In the poem “Seated,” the poet exposes the bench bustle of bureaucrats who are simply torn between all kinds of meetings, but in fact do nothing useful. At the end, Mayakovsky calls for another meeting “regarding the eradication of all meetings.”

Mayakovsky's satire is also diverse in terms of genre. In the pre-revolutionary period, it was represented by the so-called “hymns”, denouncing the existing system. After October 1917, the poet developed a new genre - the poetic satirical feuilleton, with its inherent sharpness of images and some of their individualization.
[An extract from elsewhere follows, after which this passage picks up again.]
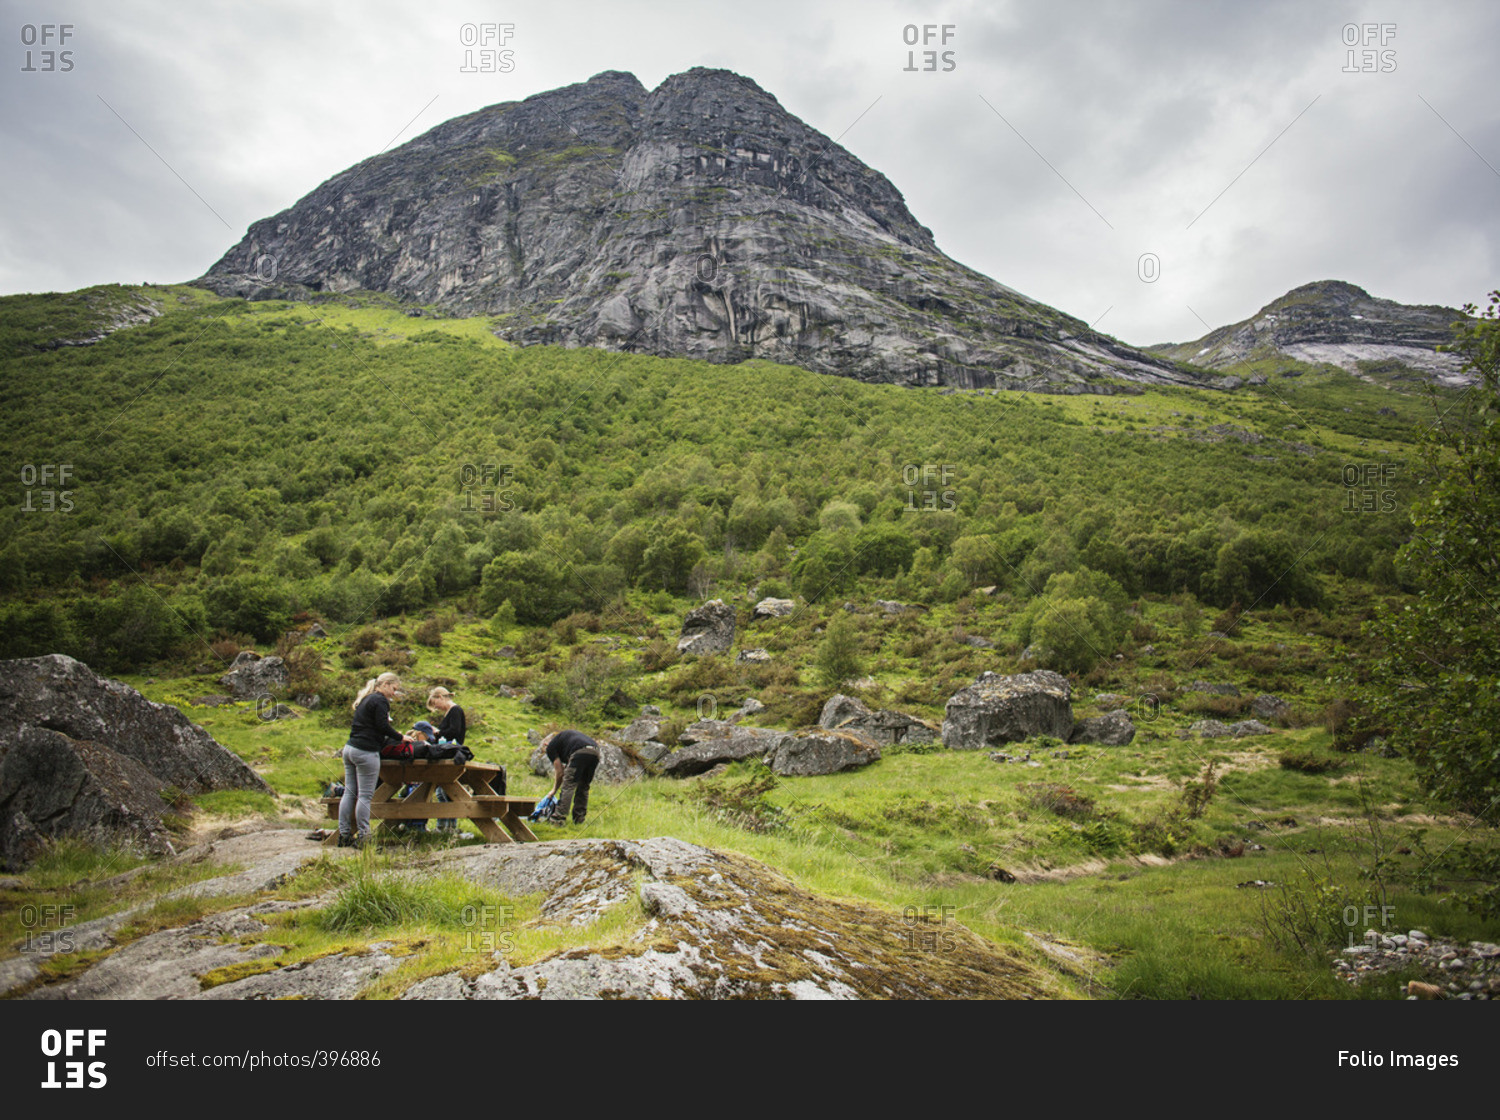 Norway, Glomsdalen, Two women with two girls hiking in mountains

Most of the poems of the 20s were written in this genre. The poems of the foreign cycle are a lyric-epic narrative, which is based on an episode from real life. The works of the playwright Mayakovsky, such as his plays such as “Bathhouse” and “The Bedbug”, also acquire a satirical sound.

There is no doubt that Mayakovsky’s satire also stands out for its artistic originality. The poet's favorite technique for depicting objects of sarcasm and jokes is the grotesque, based on the extreme hyperbolization of images. In the poem “The Satisfied”, the grotesque picture of a meeting of “people of halves” not only evokes cheerful laughter, but also emphasizes the reality - the infinity of stupid meetings. Grotesqueness is manifested both in the thirty-meter-long tongue of a suck-up, who “licks the hand” of his superiors (the poem “The Suck-Up”), and in the meter-long ear of a coward (the poem “Coward”), which catches all the remarks of the authorities, etc.

Thus, we can conclude that Mayakovsky’s satire is very unique in thematic, artistic and genre terms. Moreover, the communist party spirit with which it is permeated, its frank journalisticism and agitation, combined with the life-like authenticity and significance of the problems posed in it, determine the innovative nature of the entire satirical work of the poet.